I asked my doctor and she said the only way to get rid of them is through surgery, which is expensive.

Queenie, do you have any information concerning spider veins?—Worried

Dear Worried,

I am not writing a medical advice column, so readers, please take note: Writing a letter to Queenie is not a good substitute for a trip to your doctor’s office. In this case, I recommend going to another doctor for a second opinion.

Spider veins are those small, unsightly clusters of super-fine red, blue or purple veins that most commonly appear on the thighs, calves and ankles. Obviously, they are more apparent on a light-skinned person than someone with dark skin.

According to my information, there are various treatments for spider veins, including treatment with laser or by injection of a solution that causes them to disappear or become much smaller. Some treatments are more effective than others and some more expensive. There is about a 50-90% chance for a greatly improved appearance. There are some possible side effects.

A number of factors contribute to the development of spider veins, including heredity; pregnancy and other events that cause hormonal shifts; weight gain; occupations or activities that require prolonged sitting or standing; and the use of certain medications.

There are several easy things you can do to help prevent spider veins (and varicose veins) and to relieve any discomfort the ones you have may cause:

Protect your skin from the sun by wearing sunscreen.

Exercise regularly to improve your leg strength, circulation, and vein strength. Focus on exercises that work your legs, such as walking or running.

Control your weight to avoid placing too much pressure on your legs.

Do not cross your legs when sitting. Try to elevate your legs when resting.

Do not stand for long periods of time. If you must do so, shift your weight from one leg to the other every few minutes. If you have to sit for long periods of time, stand up and move around or take a short walk approximately every 30 minutes.

Wear elastic support stockings, but avoid clothing that is too tight or that will constrict your waist, groin, or legs.

Make sure to include high-fiber foods in your diet, as constipation can contribute to spider and varicose veins. High fiber foods include fresh fruits and vegetables and whole grains, like bran.

Control your salt intake. Salt, or sodium, can cause you to retain water or swell.

Jealous wife

Dear Queenie,

I have been married for 5 years and we have a darling little boy 2 years old. My husband is everything I ever wanted and I know he loves me. He has a good job and he helps me whenever I ask him to and he comes straight home from work and almost never goes out without me, but I still suspect him of cheating on me.

I imagine all sorts of ways he could be doing it, like taking time off from work or sneaking out when I am asleep or when I am busy taking care of our son. I have no good reason for thinking these things, but I make them up in my head and then when I am all upset I accuse him.

He swears he would never do such a thing and says I must be crazy to think that way.

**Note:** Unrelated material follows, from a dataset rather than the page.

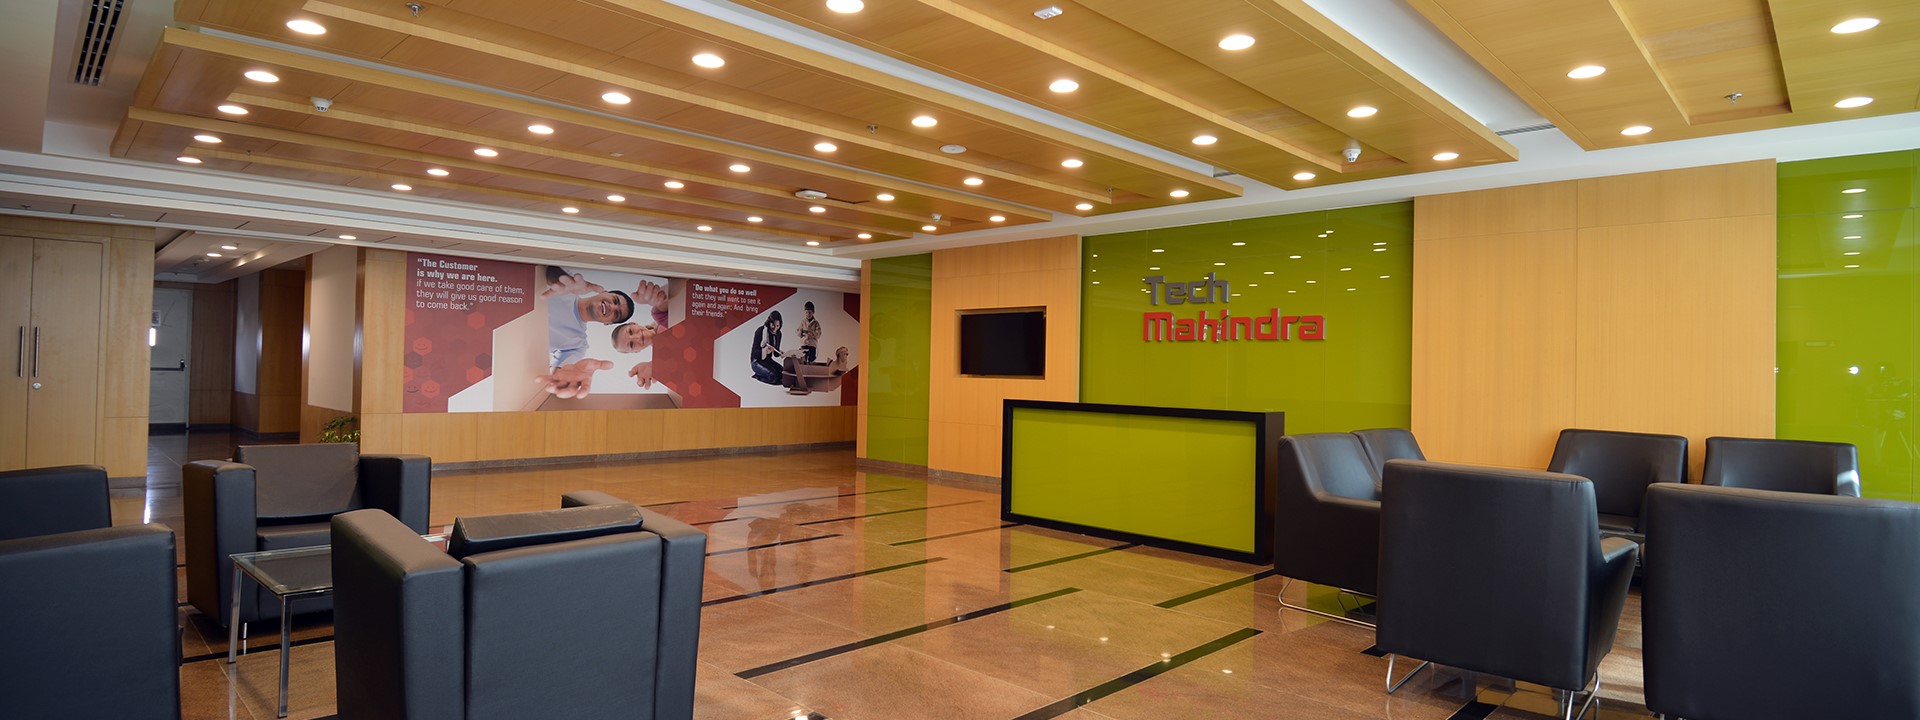 Tech Mahindra in Bengaluru- L&T Construction

Queenie, why do I do this? Do you think I am crazy?—Jealous wife

Dear Jealous wife,

In this part of the world, where male promiscuity is taken for granted, a wife can be forgiven for occasional fits of suspicion about her husband.

However, you say you have no reason to think your husband is cheating on you, and from your description of your life he has very little opportunity.

I think you may have very low self-esteem coupled with a very vivid imagination. And perhaps you come from a home where such cheating as you imagine was commonplace, so you expect all men to behave the way your father did.

I suggest you go for counselling to learn why you have these feelings and how to control them. It would probably help if your husband would go with you, to learn to understand your jealousy and help you cope with it.

Please try to get yourself under control soon, before your husband decides that if he is going to have to take the blame, he might as well also have the game.